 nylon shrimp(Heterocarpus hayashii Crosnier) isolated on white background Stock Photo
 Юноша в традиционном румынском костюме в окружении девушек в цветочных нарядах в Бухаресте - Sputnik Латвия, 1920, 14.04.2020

--

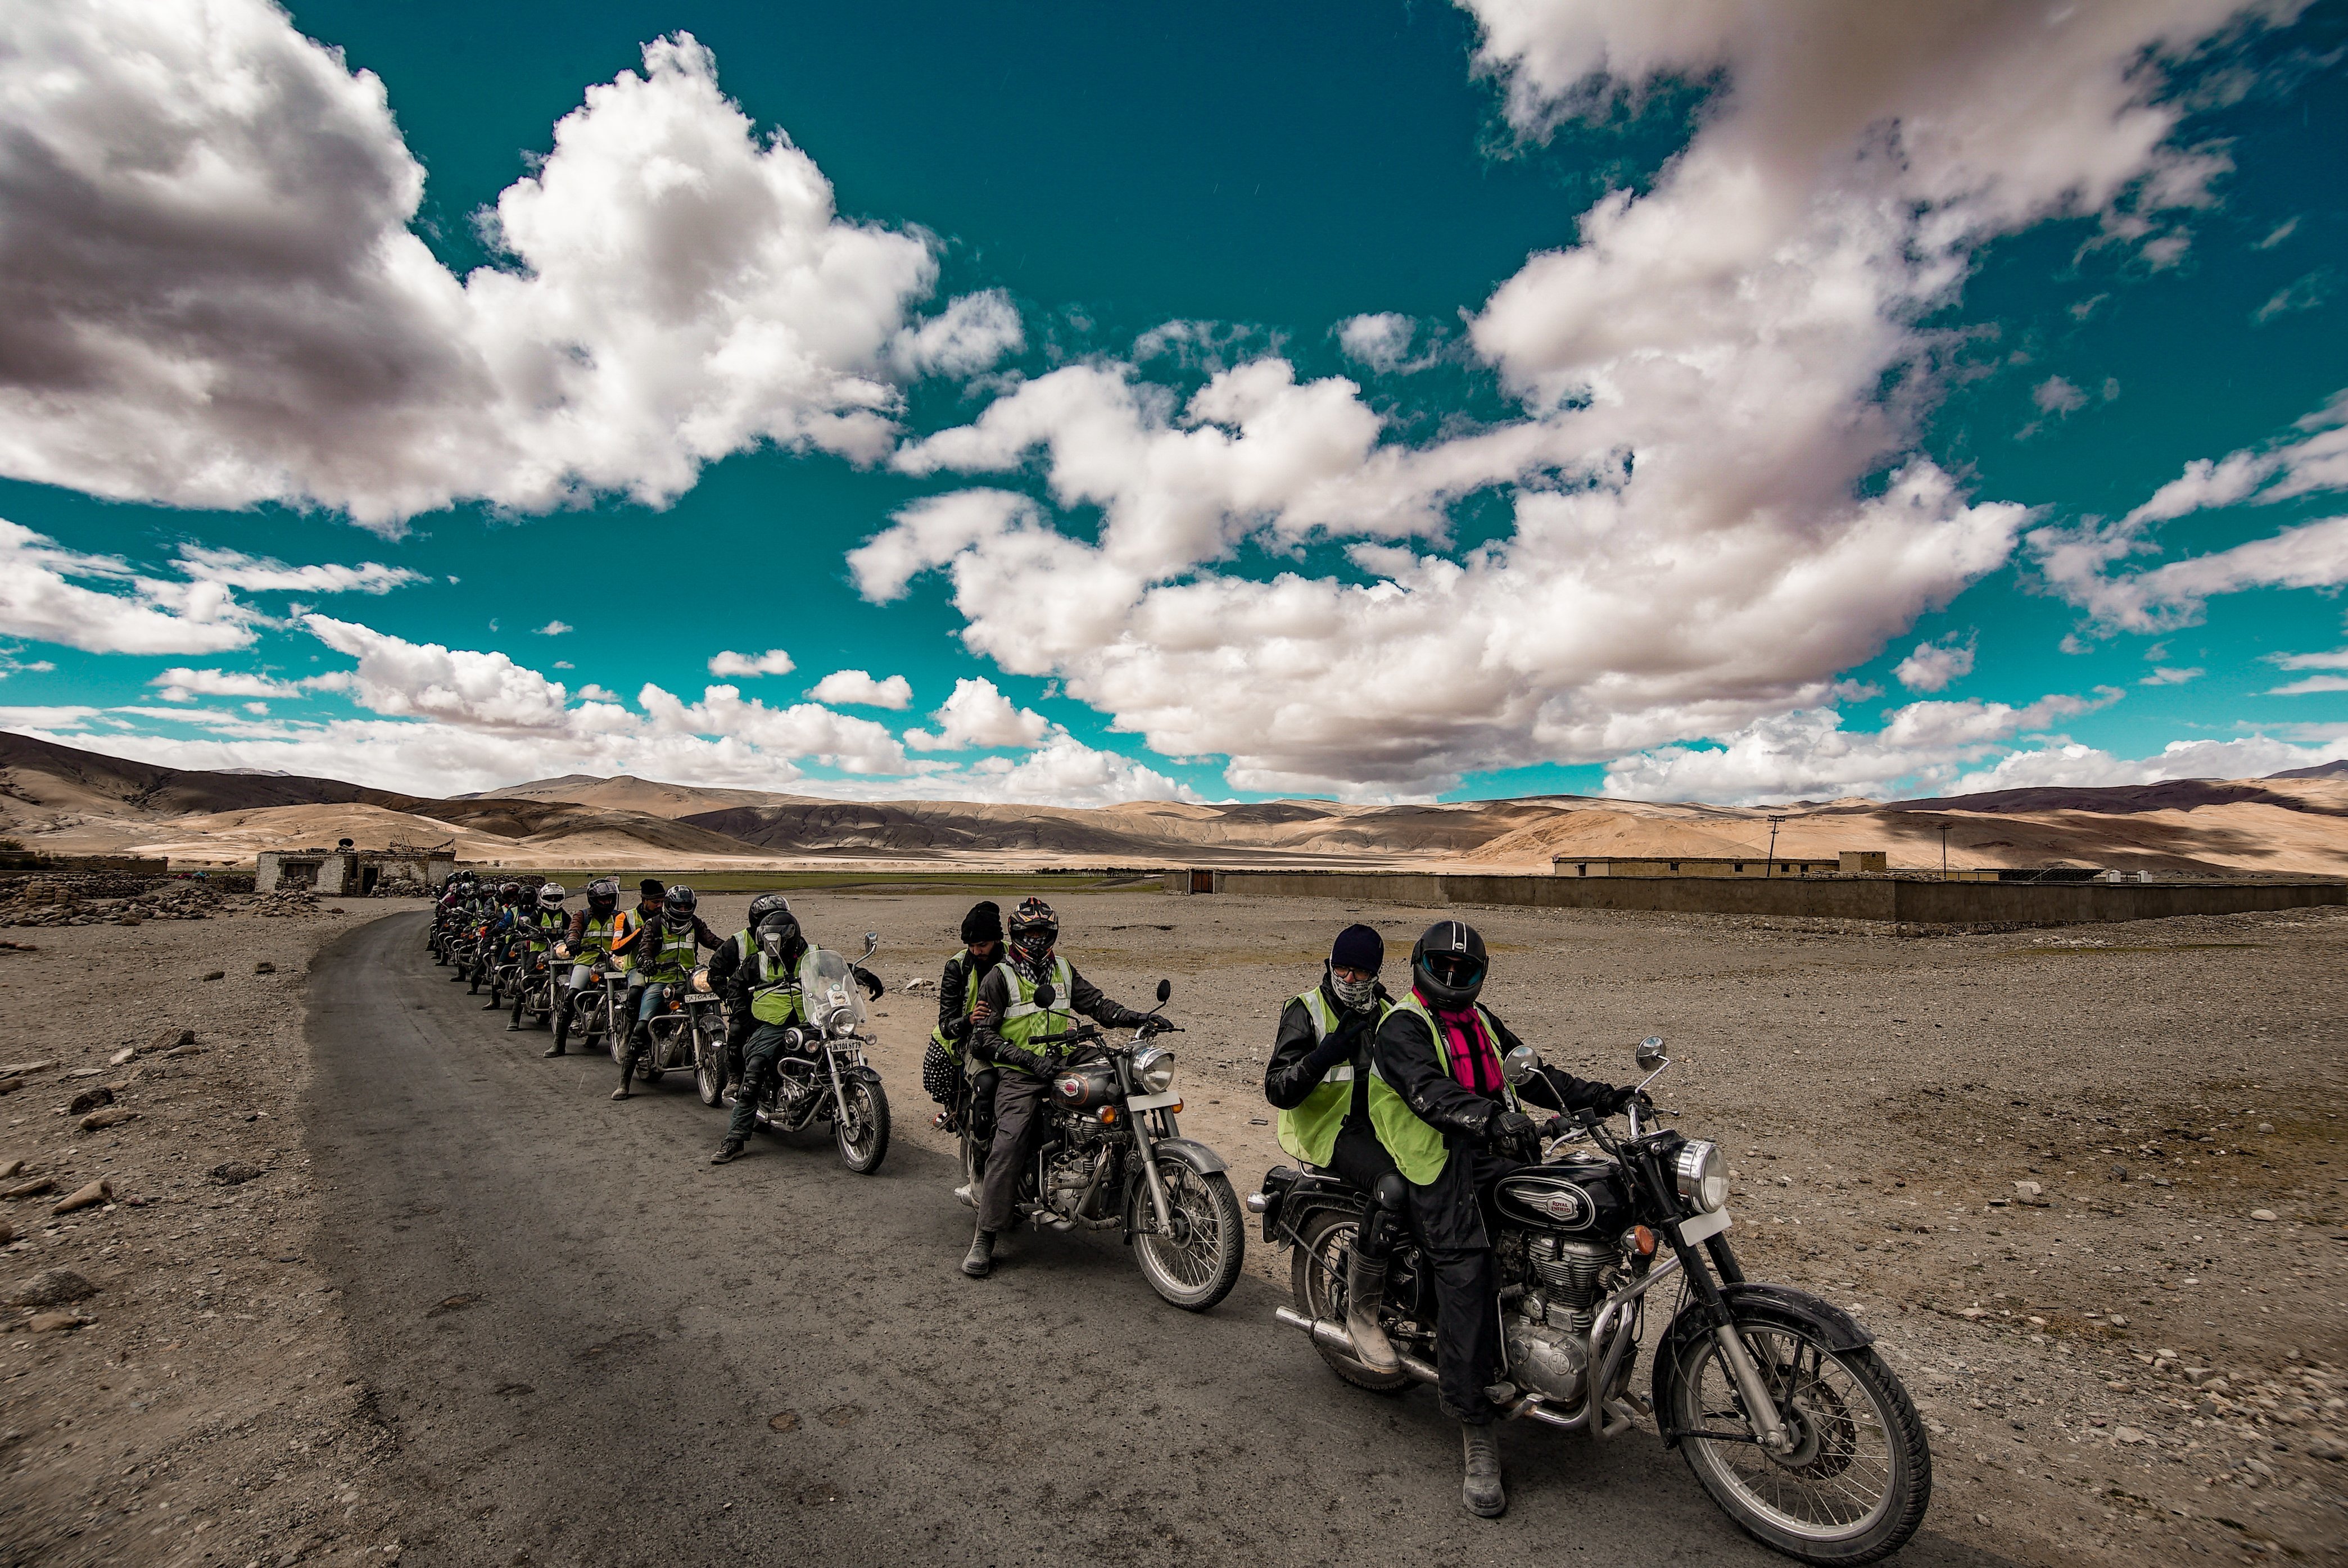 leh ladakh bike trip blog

**Task to carry out**
Copy exactly the stretch of data above from the line with "nylon shrimp(Heterocarpus hayashii" through the line with "Юноша в традиционном", and omit all other lines.

**Expected answer**
 nylon shrimp(Heterocarpus hayashii Crosnier) isolated on white background Stock Photo
 Юноша в традиционном румынском костюме в окружении девушек в цветочных нарядах в Бухаресте - Sputnik Латвия, 1920, 14.04.2020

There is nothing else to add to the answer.